The only information gleaned from the Bible comes from the reports of former employees of The Hotel, who may have glanced at it while changing the room’s linens. These reports include mentions of the Drowning Chapel; the Gorbal plague cart; the Galvanic Angel; the false saint; the river under the Bridge of Sighs; the Lady Love Well; the High Street bone railway; the Panopticon Experiments; and the Milk of Mary. Many of these particular phrases are corroborated amongst several different people’s accounts, though what each of them actually are tends to vary wildly, leading to the conclusion that urban legends and Chinese-whispers have long since atrophied any usable accounts of the full contents of the Guide’s altered Bible.
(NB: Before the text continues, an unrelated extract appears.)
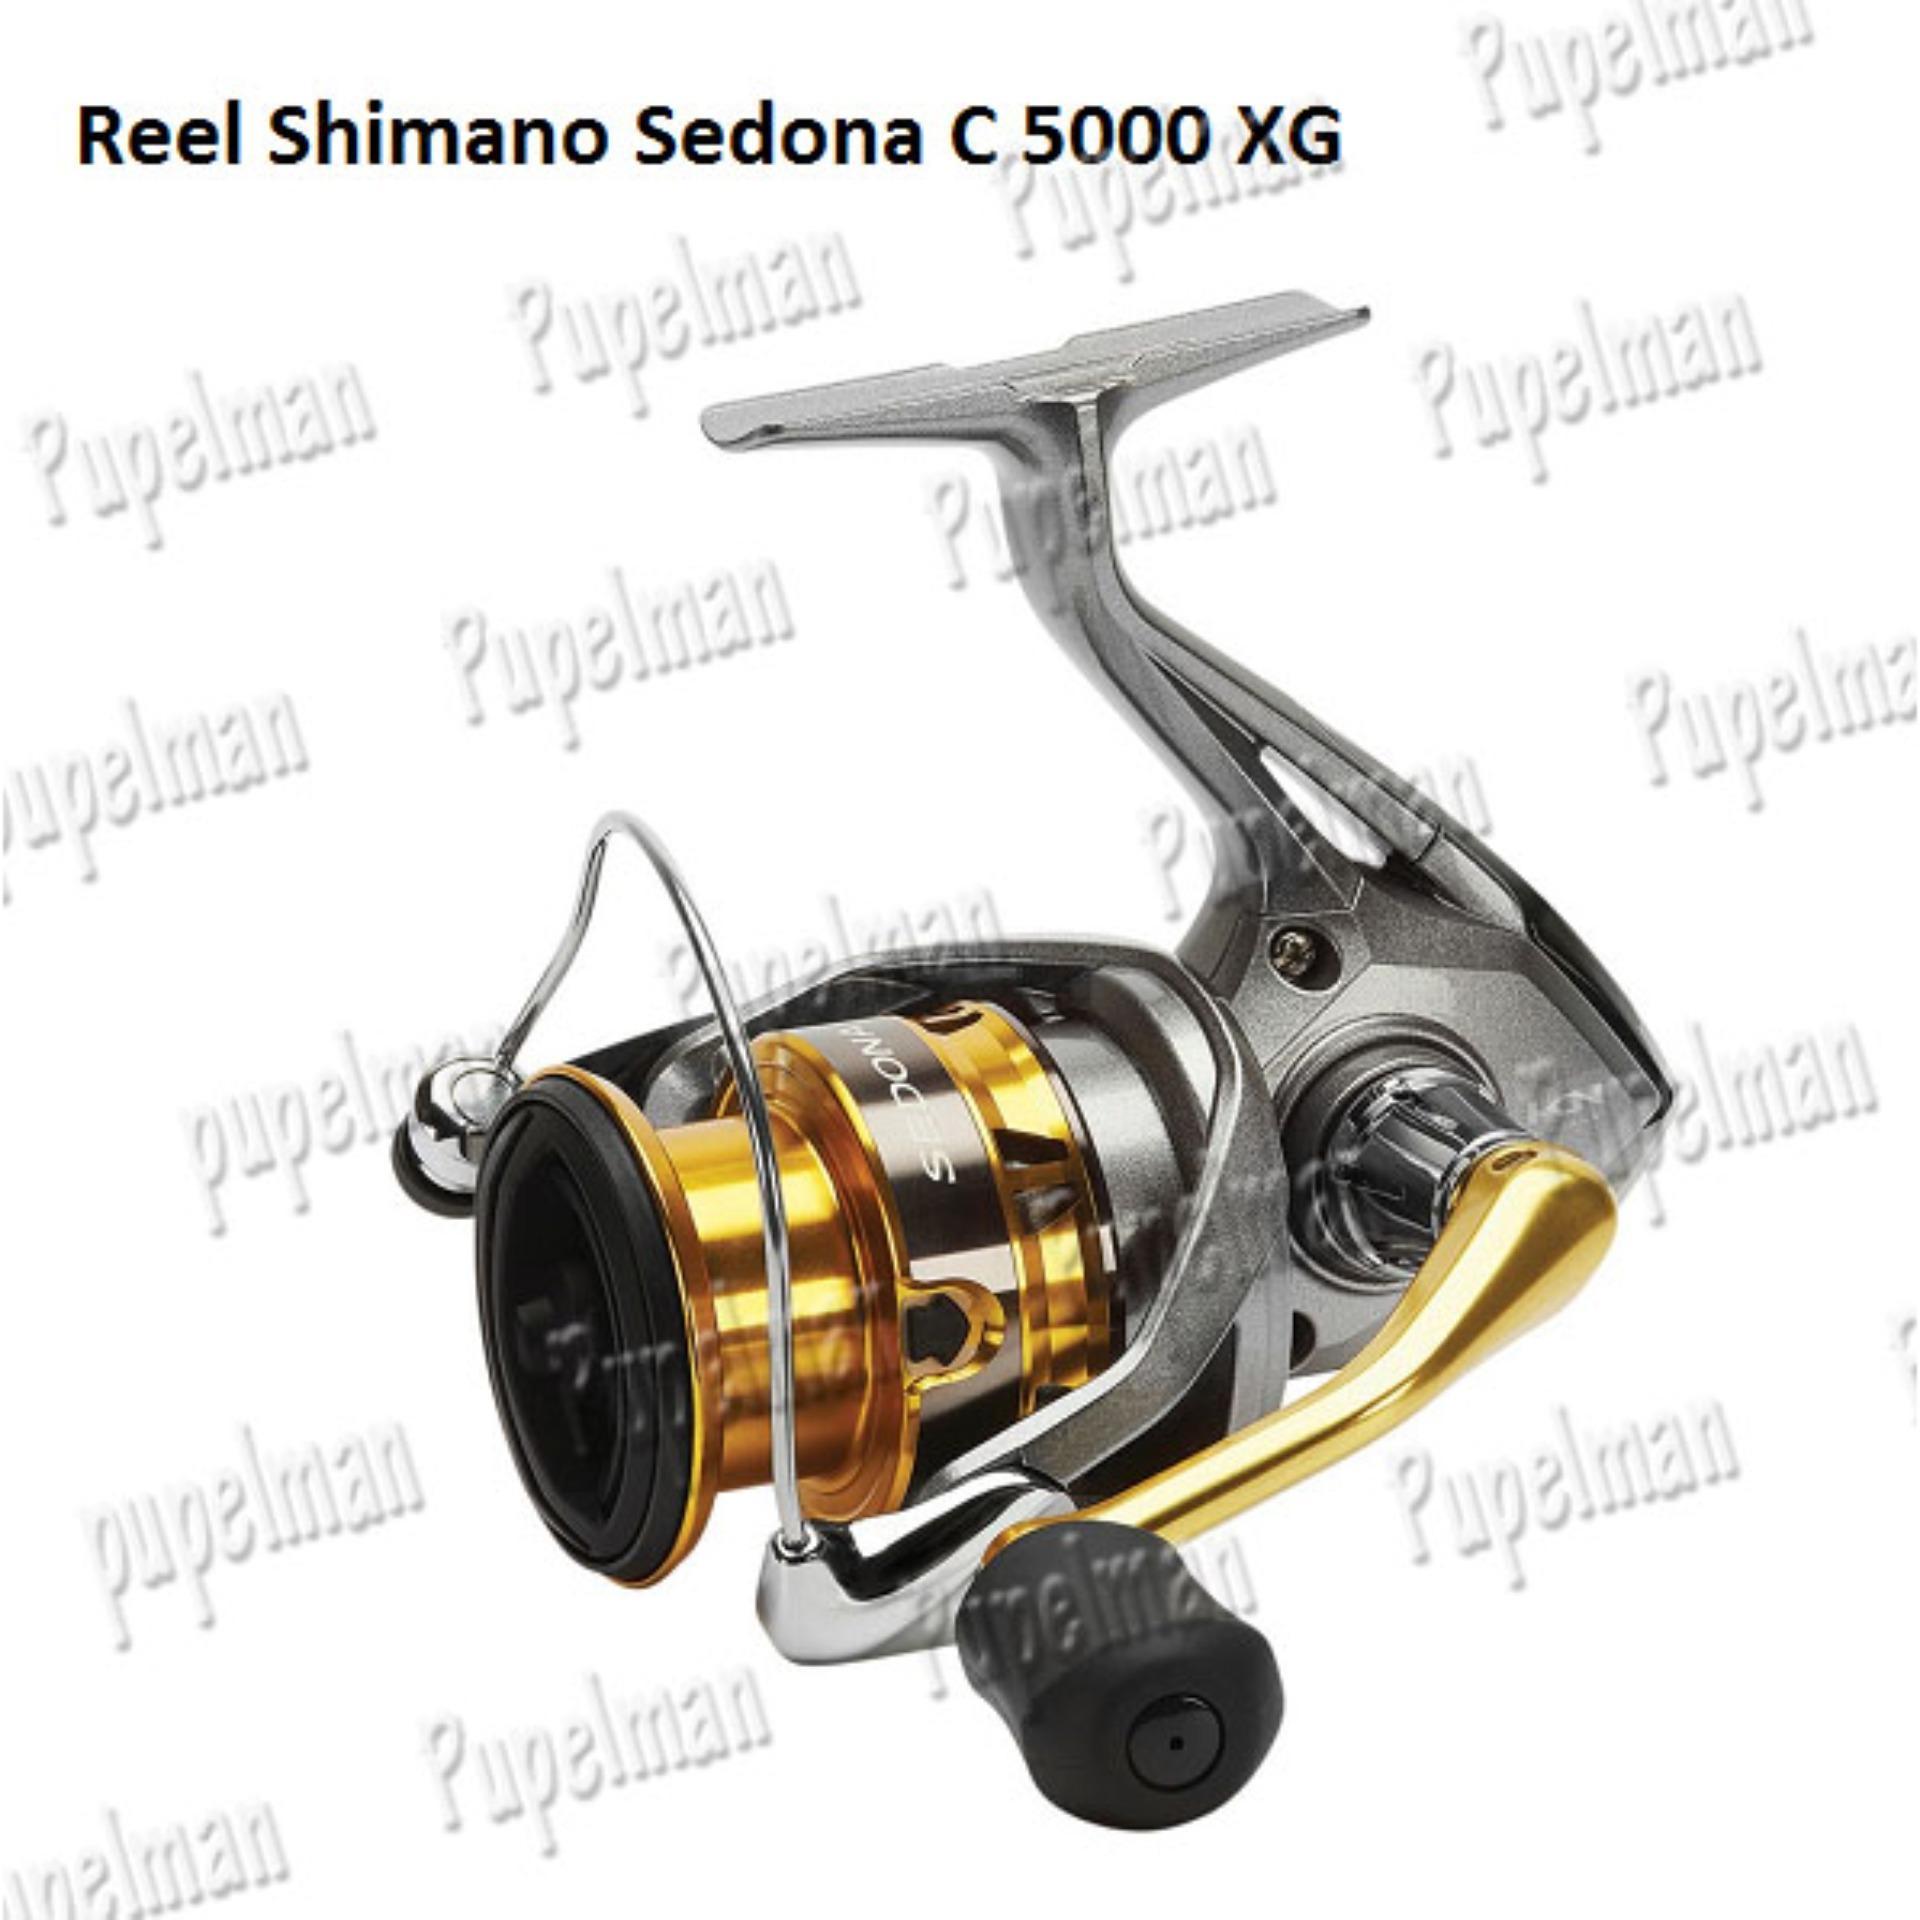 Reel Shimano Sedona 5000XG C C5000XG 5000 XG Pancing Gulungan Spinning Rel

Unfortunately, it is impossible to check the Bible for oneself. The Hotel is gone now; ripped down and smashed to pieces as of June of this year, with new city-center residential developments and a shopping center being built atop it: rumourmongers are quick to theorise that it is no coincidence that the Hotel was demolished just as Glasgow’s strange phenomena were gaining more widespread attention. The whereabouts of the Bible are unknown: even prior to the Hotel’s destruction, members of staff at the Hotel were unable to definitively locate either the room the Guides used, nor the bible it supposedly housed. Having checked every Gideon Bible inside the hotel, I can confirm not one contained any of the Guides’ records.